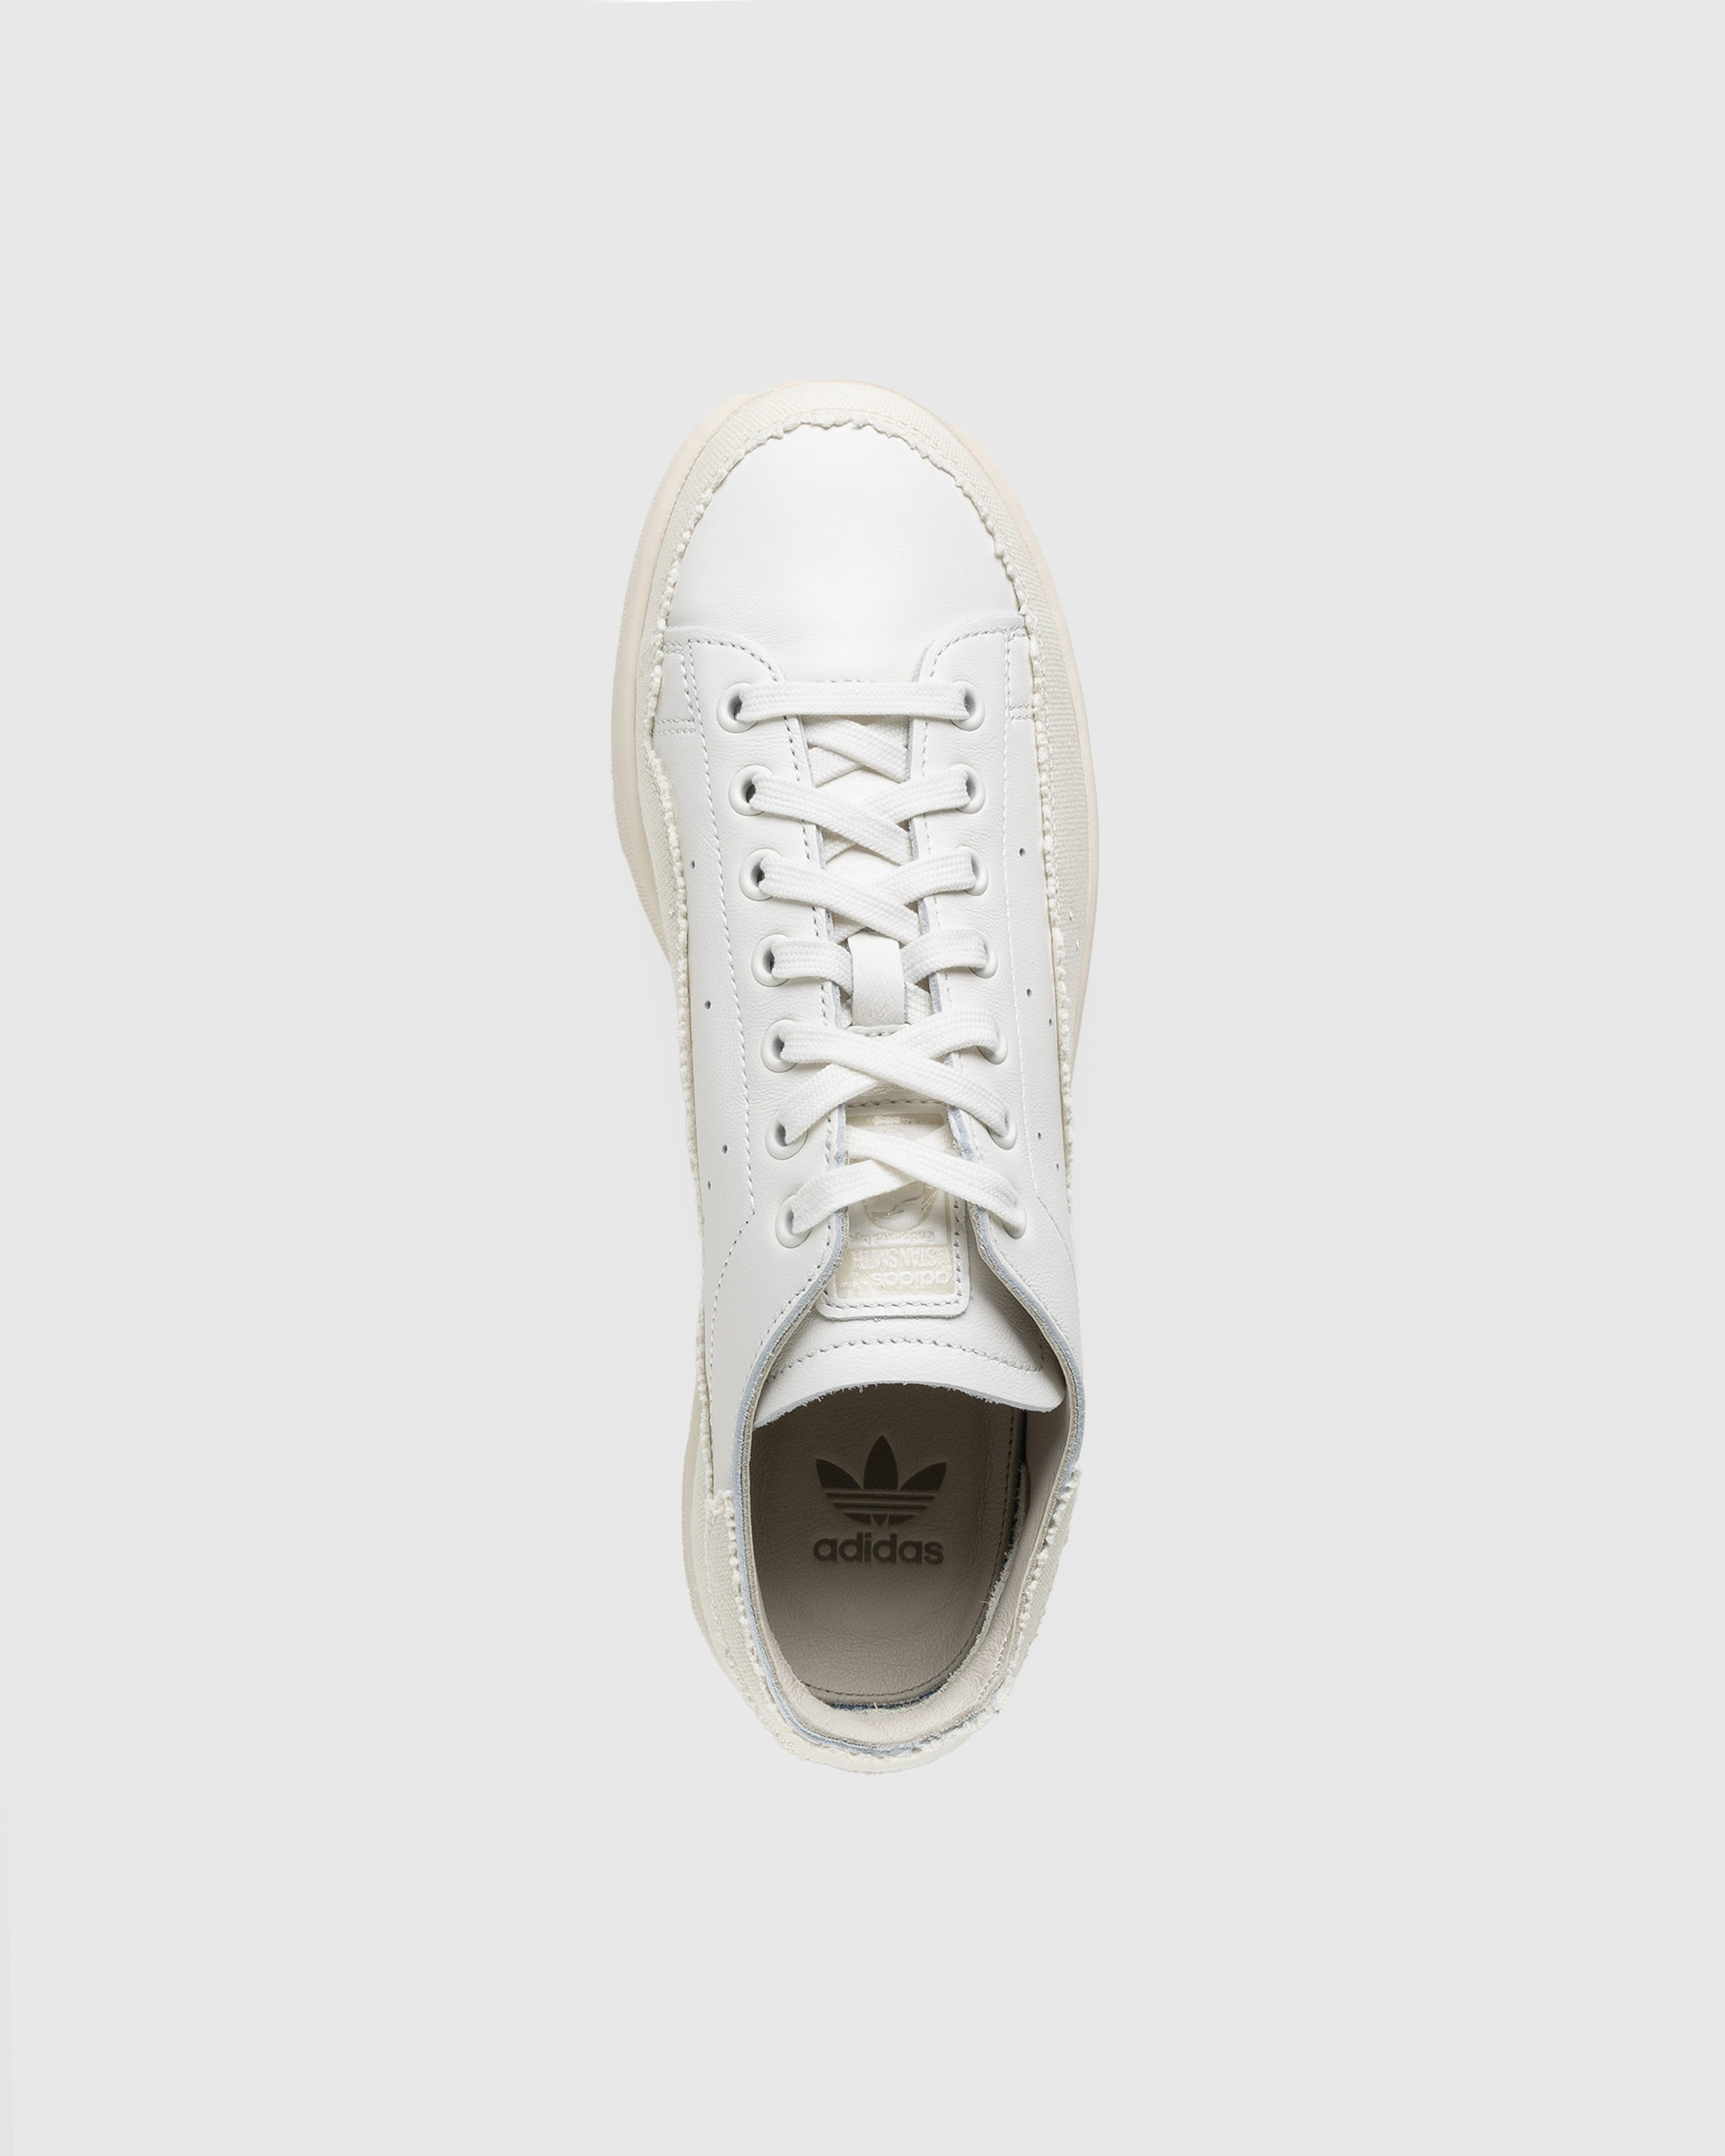 Adidas – Stan Smith Recon White - Sneakers - White - Image 5
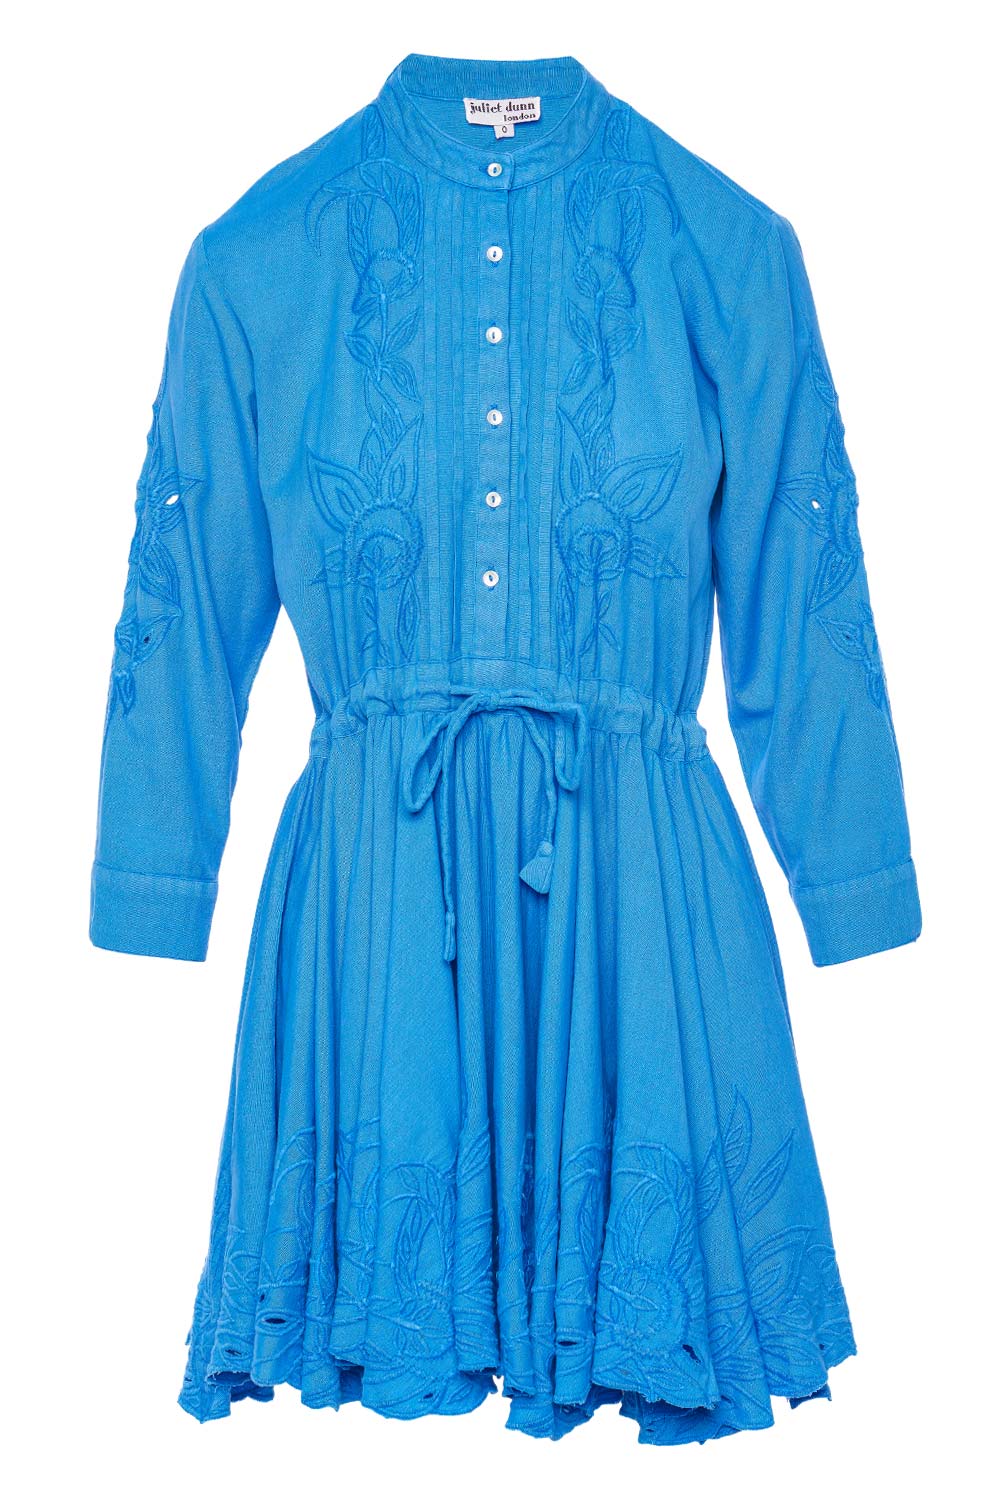 JULIET DUNN Klein Blue Embroidered Mini Beach Dress
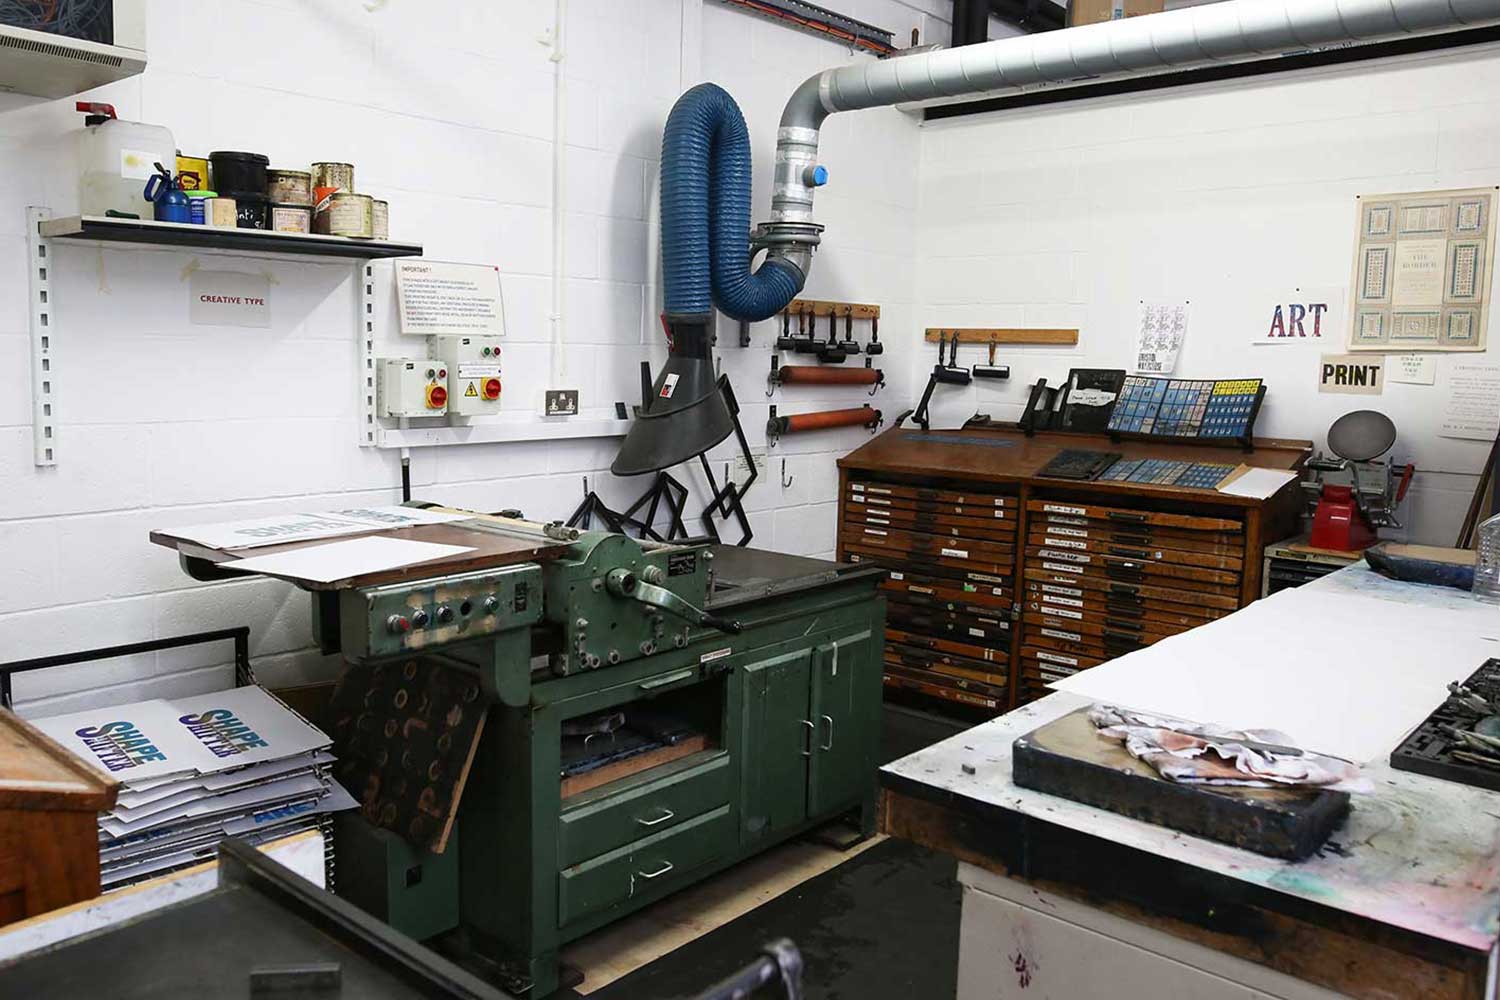 The printing workshop at Locksbrook
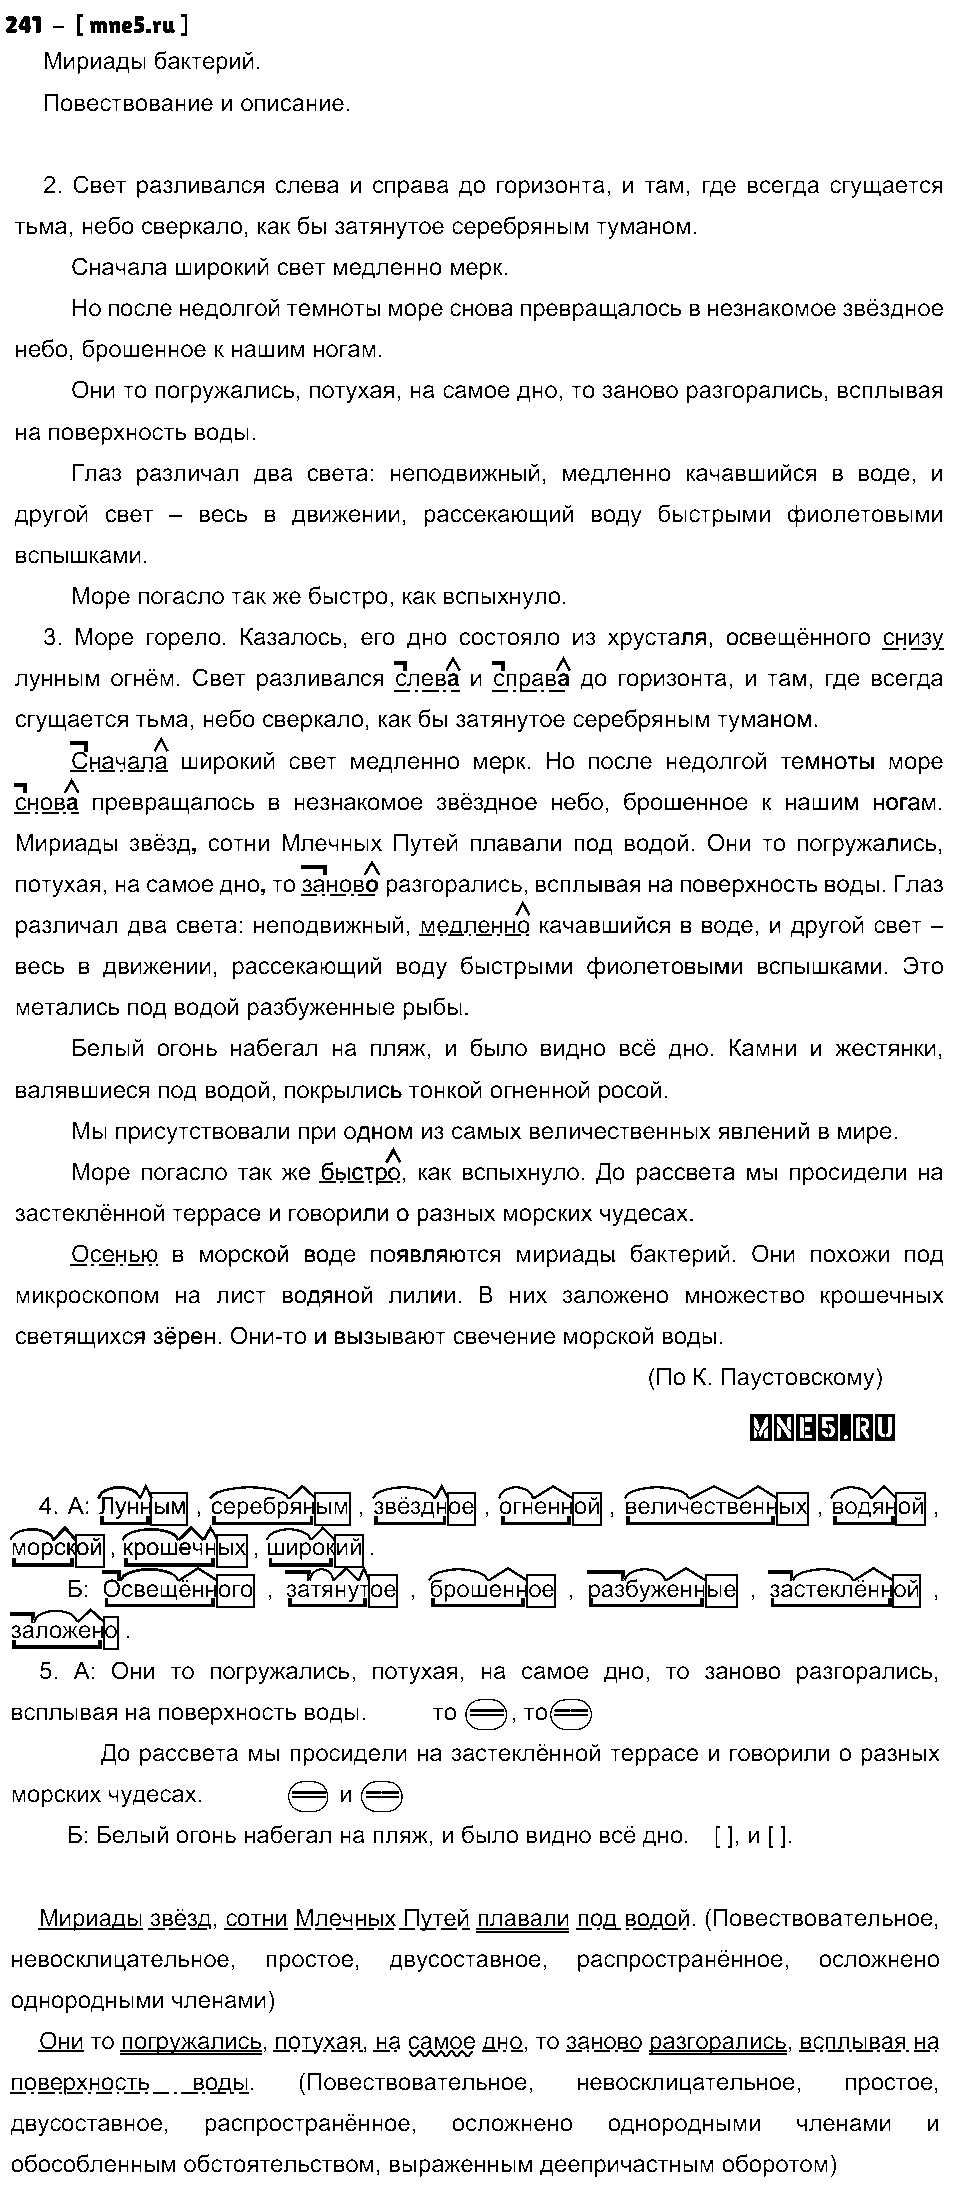 ГДЗ Русский язык 7 класс - 241

--------------------

→ **ASSIGNED TASK**
Look for the line that contains "JULIET DUNN Klein", then please copy it and the rest of the lines through the end of the data, pictures excluded.

→ **ANSWER BOX**
 JULIET DUNN Klein Blue Embroidered Mini Beach Dress
 The printing workshop at Locksbrook
 ГДЗ Русский язык 7 класс - 241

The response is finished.